The quantitative Roche Elecsys Anti-SARS-CoV-2 (S) assay measuring antibodies to spike (S) glycoprotein was chosen to evaluate the relationship between serum/plasma SARS-CoV-2 antibody testing and testing from DBS. The assay detects antibodies to RBD of S glycoprotein. Threshold for positivity is greater than or equal to 0.8 U/mL. Analytical measurement range is 0.4 to 250 U/mL, with dilution 0.4 to 2500 U/mL. Imprecision at 9.06 U/mL was 1.26% on the basis of quality control material. The assay was carried out according to the manufacturers’ instructions.

2.4. Data Analysis

The correlation between plasma and DBS quantitative results was determined using the Pearson correlation coefficient. All statistical analysis and graphing were performed using R (, accessed on 19 May 2021) with the following packages: tidyverse, xlsx, ggpmisc, multcomp, irr, pROC, and epiR [36].

3. Results

3.1. Initial Validation of Quantitative Roche S Assay Using Prepared DBS Specimens

DBS were processed by removing two punches per spot on the filter card, with a total of 10 punches per filter card, into 750 µL of PBS overnight. The optimal procedure was chosen on the basis of the magnitude of decrease of the signal observed, linear correlation between plasma and DBS, and sufficient extraction volume for multiple testing, as well as ease of processing.
To determine the ability of commercial automated serology assay to detect antibody response to SARS-CoV-2 in DBS eluants, we mixed plasma samples from COVID-19-positive patients with a wide range of antibody titers (Table S1) with RBCs and applied them to filter cards.

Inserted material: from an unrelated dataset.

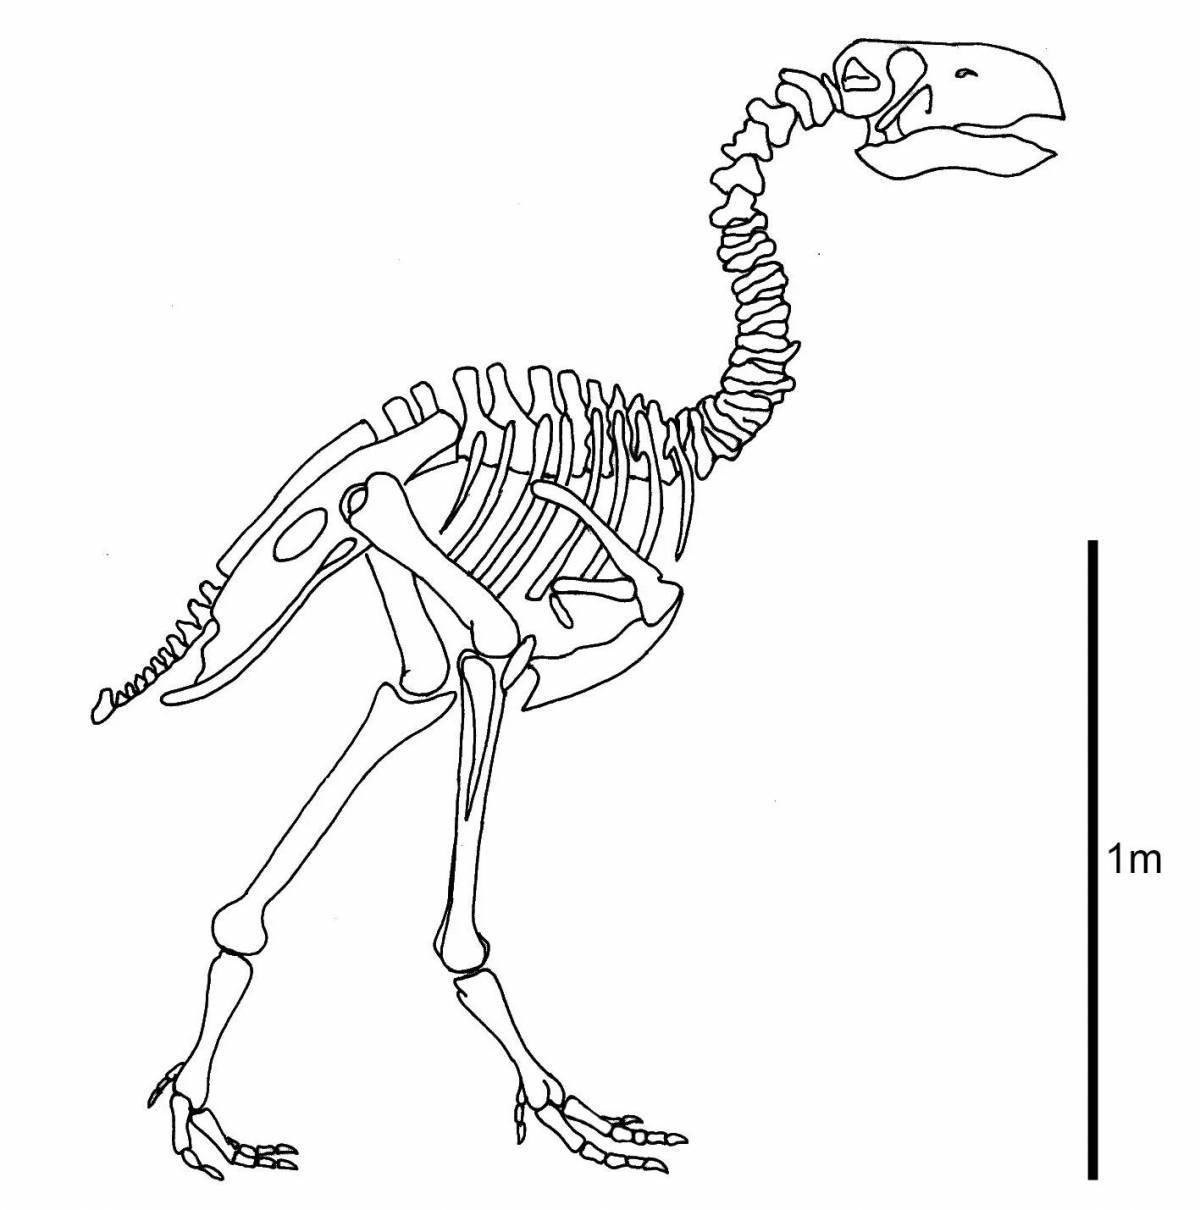 Dinosaur magic bones coloring page

The samples were deliberately chosen to include both extremes of high and low signal samples to test the performance of DBS. The antibody signal obtained from eluants was compared to results from corresponding plasma samples.
For all samples, the recommended threshold for detection in plasma/serum was used for both the plasma and DBS samples. A decrease in signal was observed after DBS elution; however, the correlation between plasma and DBS concentration was high (r2 = 0.94). There were no false positive DBS results, but 3/23 samples were positive in plasma but negative in DBS (Figure 1).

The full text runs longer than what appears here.